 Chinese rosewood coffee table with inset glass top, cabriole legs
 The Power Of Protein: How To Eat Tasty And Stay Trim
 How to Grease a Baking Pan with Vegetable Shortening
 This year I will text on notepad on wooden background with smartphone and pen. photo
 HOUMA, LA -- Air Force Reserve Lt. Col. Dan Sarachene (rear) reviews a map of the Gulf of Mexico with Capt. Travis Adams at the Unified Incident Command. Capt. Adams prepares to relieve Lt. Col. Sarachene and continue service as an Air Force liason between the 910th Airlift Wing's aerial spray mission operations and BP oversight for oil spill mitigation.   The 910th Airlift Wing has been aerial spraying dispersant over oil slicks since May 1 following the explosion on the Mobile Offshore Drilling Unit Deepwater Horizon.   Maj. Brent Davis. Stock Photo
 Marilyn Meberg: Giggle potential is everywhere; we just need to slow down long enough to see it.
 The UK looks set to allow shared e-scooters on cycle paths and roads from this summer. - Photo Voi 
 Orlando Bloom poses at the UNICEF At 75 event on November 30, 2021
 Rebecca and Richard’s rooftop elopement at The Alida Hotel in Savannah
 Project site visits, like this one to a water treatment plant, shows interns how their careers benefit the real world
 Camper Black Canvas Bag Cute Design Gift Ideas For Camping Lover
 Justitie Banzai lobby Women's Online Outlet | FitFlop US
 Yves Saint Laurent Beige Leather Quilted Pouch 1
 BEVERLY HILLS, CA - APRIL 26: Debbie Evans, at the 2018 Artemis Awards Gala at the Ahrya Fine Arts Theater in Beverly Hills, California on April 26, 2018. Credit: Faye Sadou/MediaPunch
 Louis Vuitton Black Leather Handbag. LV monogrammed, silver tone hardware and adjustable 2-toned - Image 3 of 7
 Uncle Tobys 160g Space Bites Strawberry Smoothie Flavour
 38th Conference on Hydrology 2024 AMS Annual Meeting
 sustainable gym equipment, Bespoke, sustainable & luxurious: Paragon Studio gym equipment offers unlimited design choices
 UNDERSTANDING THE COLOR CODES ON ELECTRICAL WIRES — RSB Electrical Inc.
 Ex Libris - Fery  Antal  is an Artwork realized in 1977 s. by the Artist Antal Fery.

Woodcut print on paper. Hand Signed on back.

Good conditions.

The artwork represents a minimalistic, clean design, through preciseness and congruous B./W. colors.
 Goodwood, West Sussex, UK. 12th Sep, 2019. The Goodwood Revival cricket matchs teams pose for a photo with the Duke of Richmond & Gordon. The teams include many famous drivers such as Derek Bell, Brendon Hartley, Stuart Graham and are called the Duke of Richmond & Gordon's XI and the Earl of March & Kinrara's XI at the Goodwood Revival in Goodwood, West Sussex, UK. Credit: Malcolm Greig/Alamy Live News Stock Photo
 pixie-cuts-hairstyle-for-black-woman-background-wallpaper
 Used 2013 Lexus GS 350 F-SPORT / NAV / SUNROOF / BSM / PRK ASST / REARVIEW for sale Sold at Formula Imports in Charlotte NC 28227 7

Problem to solve: Give back exactly the lines of the listing above, starting with its first line and ending with the line that holds "HOUMA, LA -- Air".

Result of the exercise:
 Chinese rosewood coffee table with inset glass top, cabriole legs
 The Power Of Protein: How To Eat Tasty And Stay Trim
 How to Grease a Baking Pan with Vegetable Shortening
 This year I will text on notepad on wooden background with smartphone and pen. photo
 HOUMA, LA -- Air Force Reserve Lt. Col. Dan Sarachene (rear) reviews a map of the Gulf of Mexico with Capt. Travis Adams at the Unified Incident Command. Capt. Adams prepares to relieve Lt. Col. Sarachene and continue service as an Air Force liason between the 910th Airlift Wing's aerial spray mission operations and BP oversight for oil spill mitigation.   The 910th Airlift Wing has been aerial spraying dispersant over oil slicks since May 1 following the explosion on the Mobile Offshore Drilling Unit Deepwater Horizon.   Maj. Brent Davis. Stock Photo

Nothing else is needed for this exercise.